Cord material / TUE 6-8-10 / Old Testament prophet who married harlot / Bra insert / Word after does doesn't in old ad slogan
Tuesday, June 8, 2010
Constructor: Peter A. Collins
Relative difficulty: Medium-Challenging
THEME: "TWIST AND SHOUT" (39A: With 41- and 42-Across, 1964 Beatles hit) — two other bands who had hits with this song are also in the grid: THE MAMAS AND THE PAPAS (24A: With 41- and 54-Across, group with a 1967 ballad version of 39-/41-/42-Across) and THE ISLEY BROTHERS (40D: With 9-Down, group with a 1962 hit version of 39-/41-/42-Across)
Word of the Day: PELÉE (56D: Martinique volcano)
Mount Pelée (pronounced /pəˈleɪ/; French: Montagne Pelée "Bald Mountain") is an active volcano on the northern tip of the French overseas department of Martinique in the Lesser Antilles island arc of the Caribbean. It is among the deadliest stratovolcanoes on Earth. Its volcanic cone is composed of layers of volcanic ash and hardened lava. // The volcano is now famous for its eruption in 1902 and the destruction that resulted, now dubbed the worst volcanic disaster of the 20th century. The eruption killed about 30,121 people. Most deaths came from the city of Saint-Pierre, at that time the largest city in Martinique, due to its pyroclastic flows. (wikipedia)
A puzzle that likely came into existence through sheer amazement that these answers fit symmetrically into the grid in such a way that a workable grid could actually be constructed around them. Impressive theme density and lay-out, but the theme itself is pretty straightforward — unless there's an anniversary or birthday or something that I'm missing. Also, where are THE TOP NOTES?! (first group to record the song, which was written by Phil Medley and Bert Russell). Beatles get center stage (in the main theme clue), I guess because their version is the most famous. What's most annoying about this type of theme is running into *this* type of clue, right off the bat: 24A: With 41- and 54-Across, group with a 1967 ballad version of 39-/41-/42-Across; my wife and I (independently) did same thing—thought "ugh, I'm not looking at all those clues to try to figure out what the hell's going on" and instead just pieced it all together from crosses, as we got them. As a result, this puzzle took me a bit longer than a normal Tuesday. [as for the advert on the right—pretty sure it's authentic, and pretty sure that the guy is TWISTing AND SHOUTing at the FAIR SEX]

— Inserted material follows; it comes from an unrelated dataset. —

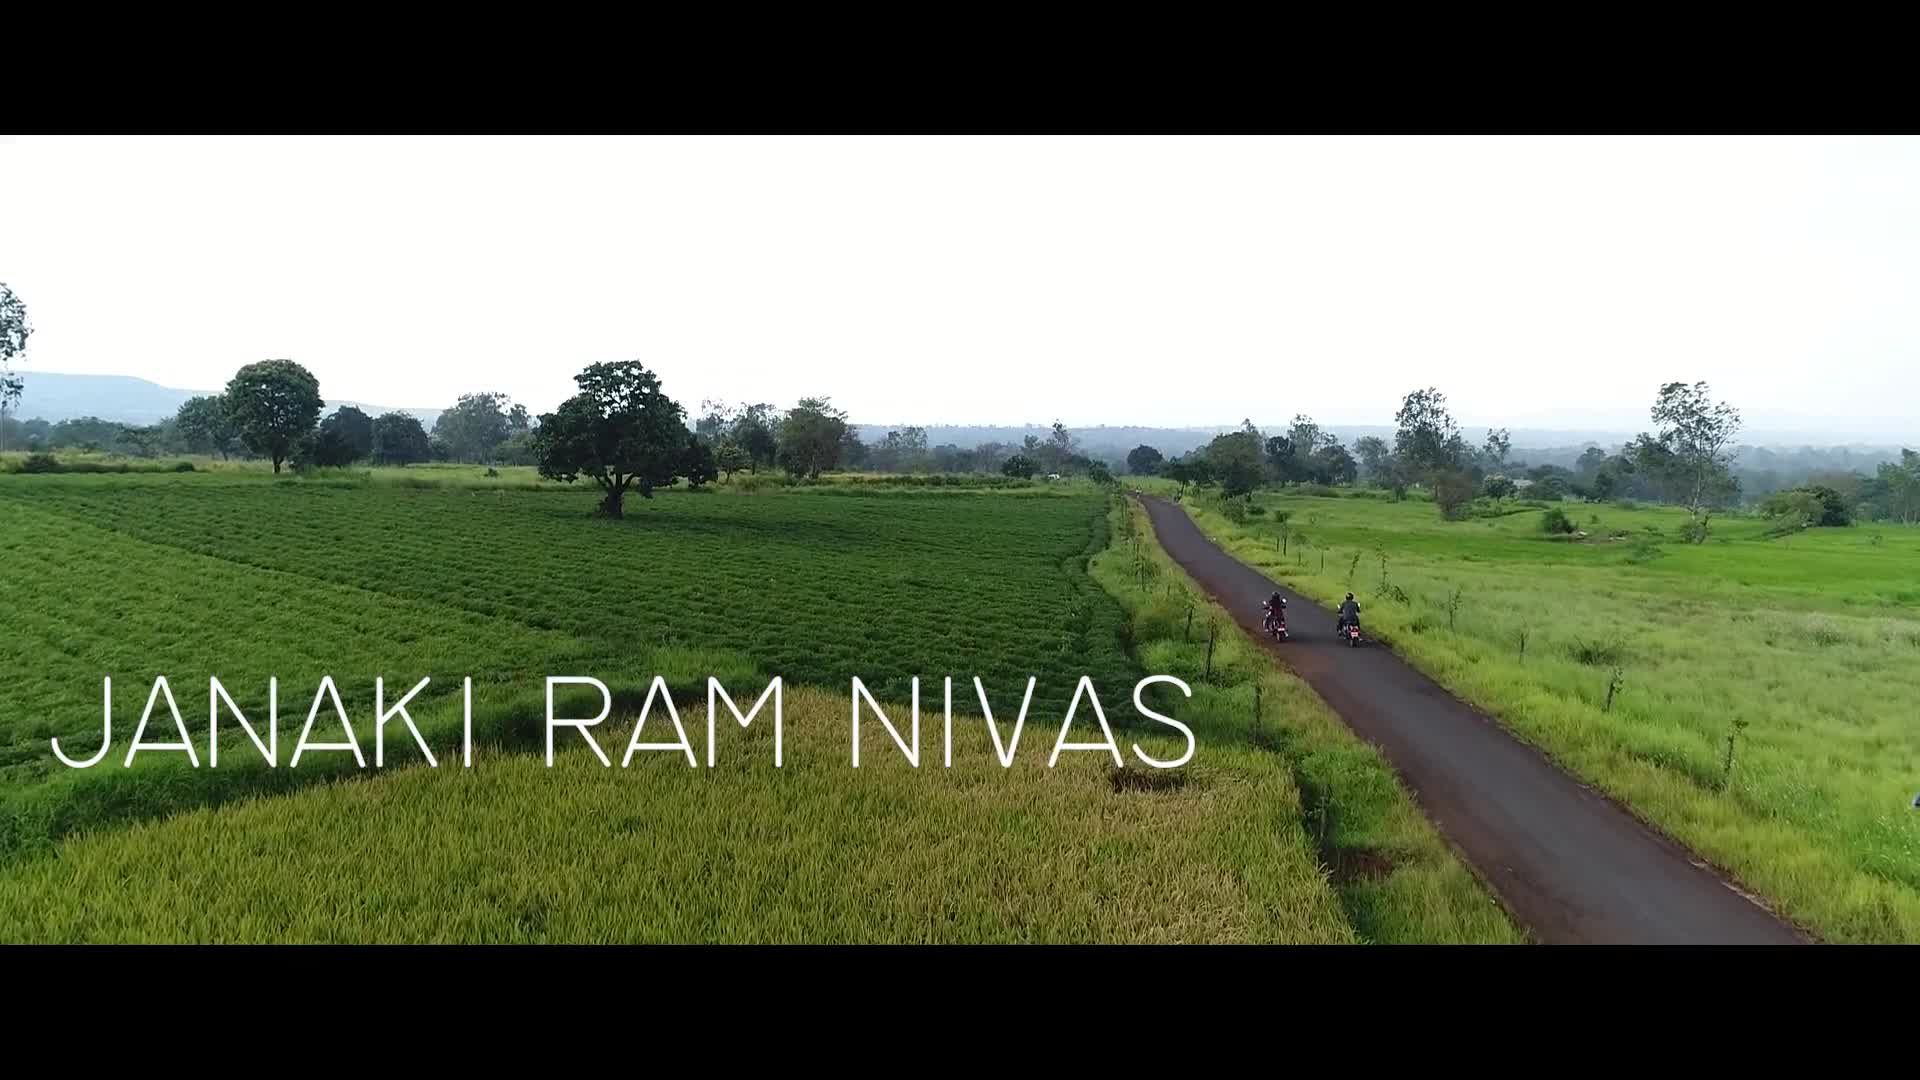 Janaki Ram Nivas

Good news is that the dense theme didn't destroy the rest of the grid (i.e. necessitate a bunch of ugly, bad little words). Really enjoyed OUTER EAR (28A: Audio input location), FAIR SEX (59A: Women, quaintly, with "the"), and STONER (which I'm surprised I haven't seen before — such common letters, such a common concept) (36A: One who can't keep off the grass?). Was all prepared to say that I've never heard of BAST, only to find out (in one Google search) that it was the Word of the Day in late '09. So much for this job's making me smarter. Oddly high number of "?" clues today. Well, there are 4. That seems high for a Tuesday puzzle. There's the STONER clue, then the ECHO clue (11D: Repeated message?), then the SLATS clue (58D: Strips in front of a window?), then the XRAY clue (72A: Look inside?). The SLATS clue is particularly nice.

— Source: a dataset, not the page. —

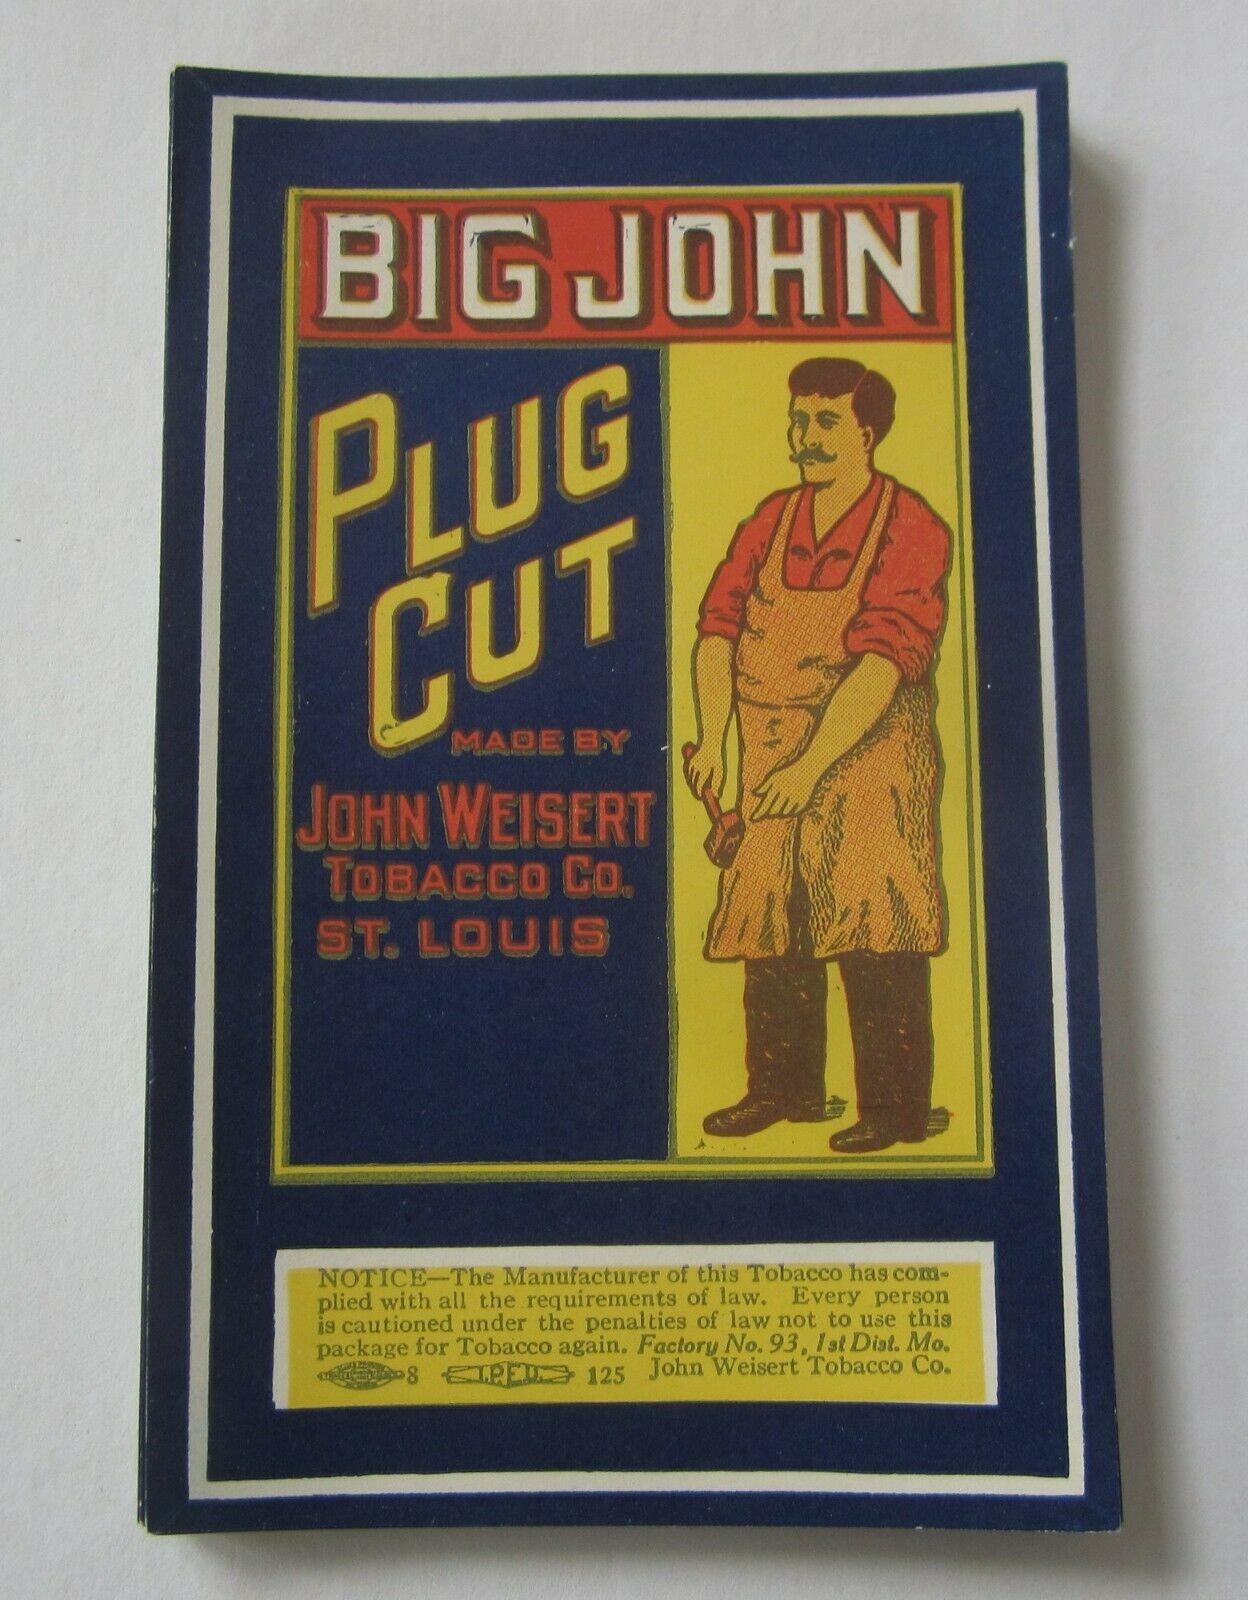  Lot of 50 Old Vintage BIG JOHN - Plug Cut TOBA...

- 26A: Word after "does" and "doesn't" in an old ad slogan (SHE) — another interesting clue. Had to think about it for a few seconds, and then the "does she or doesn't she?" came to mind—I know it's an ad from before my time, and I feel like it's for hair dye. Let me check... Yes. Clairol. Next sentence in the ad copy: "Only her hairdresser knows for sure." Copy written by Shirley Polykoff, who also wrote "Is it true blondes have more fun?" "Her copy for Clairol built the hair-coloring industry."
["If I've only one life, let me live it as a blonde"—HA ha]
- 27A: Glass on a radio (IRA) — yuck. Should be "the" radio. "A" radio is TTH (Trying Too Hard, in this case, to be tricky).
- 45A: Join the staff (HIRE ON) — counterintuitive. If I'm joining, I'm *being* hired. Weird.
- 35D: Bra insert (WIRE) — so many other thoughts here, some practical (KLEENEX, CASH), some racier (HAND).
- 55D: Old Testament prophet who married a harlot (HOSEA) — that's a hell of a way to go down in history. It's not often you see "harlot" used in this kind of straightforward, simply descriptive way, i.e. not modified by "dirty" or followed up by "whore," etc.